Timur Melekestsev

Personal information
- Full name: Timur Davidovich Melekestsev
- Date of birth: 3 July 2001 (age 25)
- Place of birth: Novoalexandrovsk, Stavropol Krai, Russia
- Height: 1.90 m (6 ft 3 in)
- Position: Forward

Team information
- Current team: Arsenal Tula
- Number: 23

Youth career
- 0000–2014: Krasnodar
- 2015: CSKA Moscow
- 2016–2019: Dynamo Moscow

Senior career*
- Years: Team / Apps / (Gls)
- 2019–2020: Dynamo Moscow / 0 / (0)
- 2019–2020: → Urozhay Krasnodar (loan) / 25 / (8)
- 2020–2022: Slovácko / 2 / (0)
- 2020: → Slovácko B / 5 / (1)
- 2021–2022: → Dynamo Makhachkala (loan) / 21 / (7)
- 2022: → Alania Vladikavkaz (loan) / 2 / (0)
- 2022: → Alania-2 Vladikavkaz (loan) / 2 / (0)
- 2023: Energetik-BGU Minsk / 10 / (1)
- 2023: Leon Saturn Ramenskoye / 14 / (8)
- 2024: Torpedo Moscow / 2 / (0)
- 2024–2025: Forte Taganrog / 29 / (13)
- 2025–2026: Tekstilshchik Ivanovo / 35 / (18)
- 2026–: Arsenal Tula / 0 / (0)

International career
- 2017–2018: Russia U-17 / 10 / (2)

= Timur Melekestsev =

Russian footballer

Timur Davidovich Melekestsev (Тимур Давидович Мелекесцев; born 3 July 2001) is a Russian footballer who plays as a forward for Arsenal Tula.

==Club career==
He made his debut in the Russian Professional Football League for Urozhay Krasnodar on 9 August 2019 in a game against Dynamo Stavropol.
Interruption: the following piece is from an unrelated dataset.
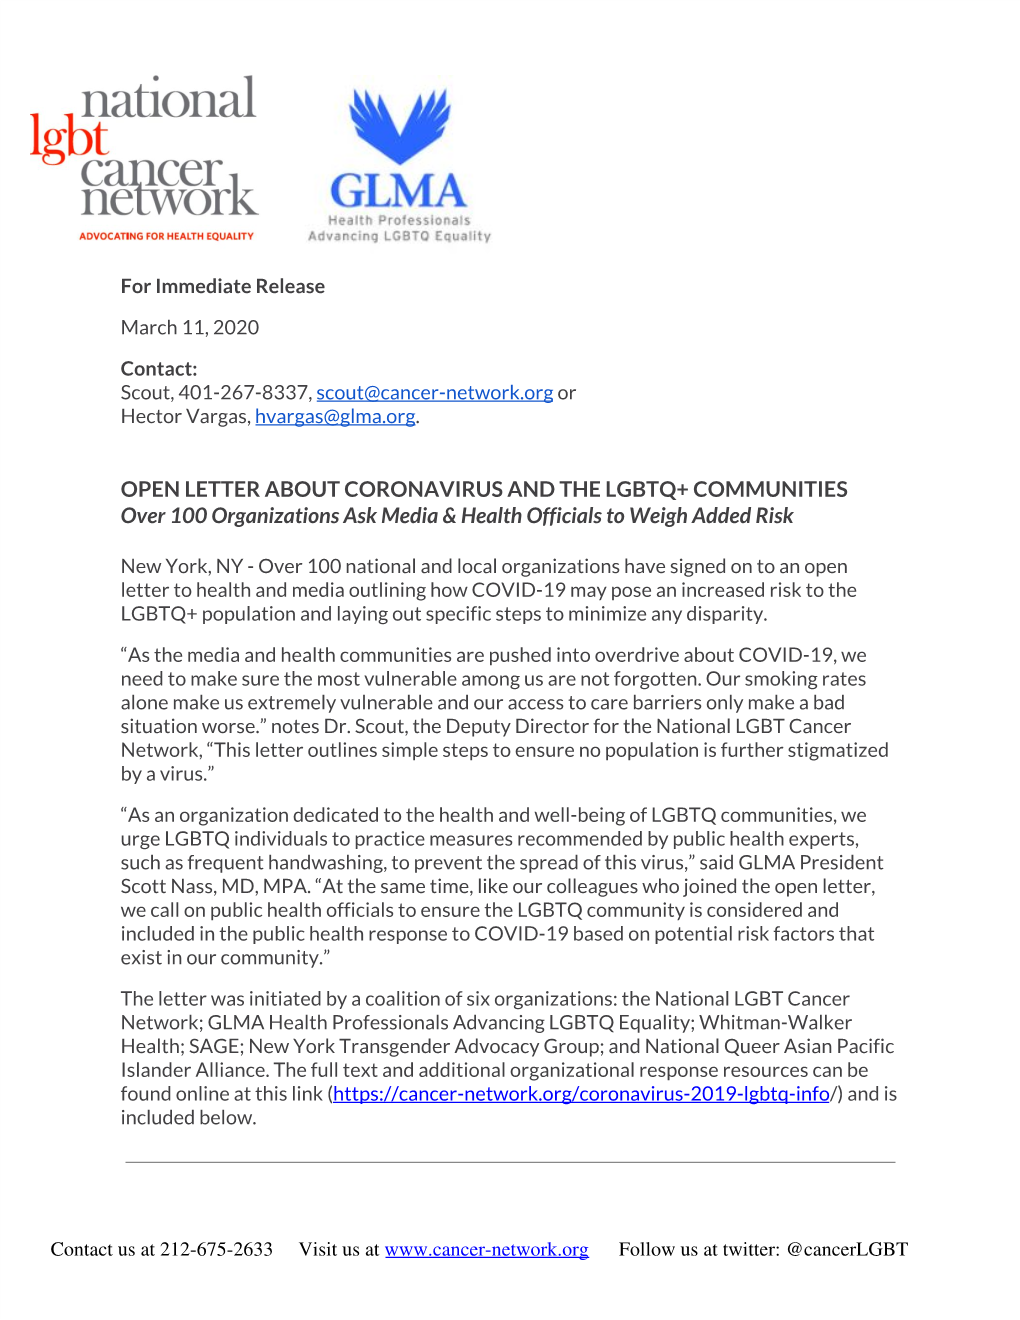 Open Letter About the Coronavirus and the LGBTQ+

He made his Czech First League debut for Slovácko on 23 January 2021 in a game against Bohemians 1905.

He made his debut in the Russian First League for Alania Vladikavkaz on 24 July 2022 in a game against Rodina Moscow.

He made his Belarusian Premier League debut for Energetik-BGU Minsk on 2 April 2023 in a game against BATE Borisov.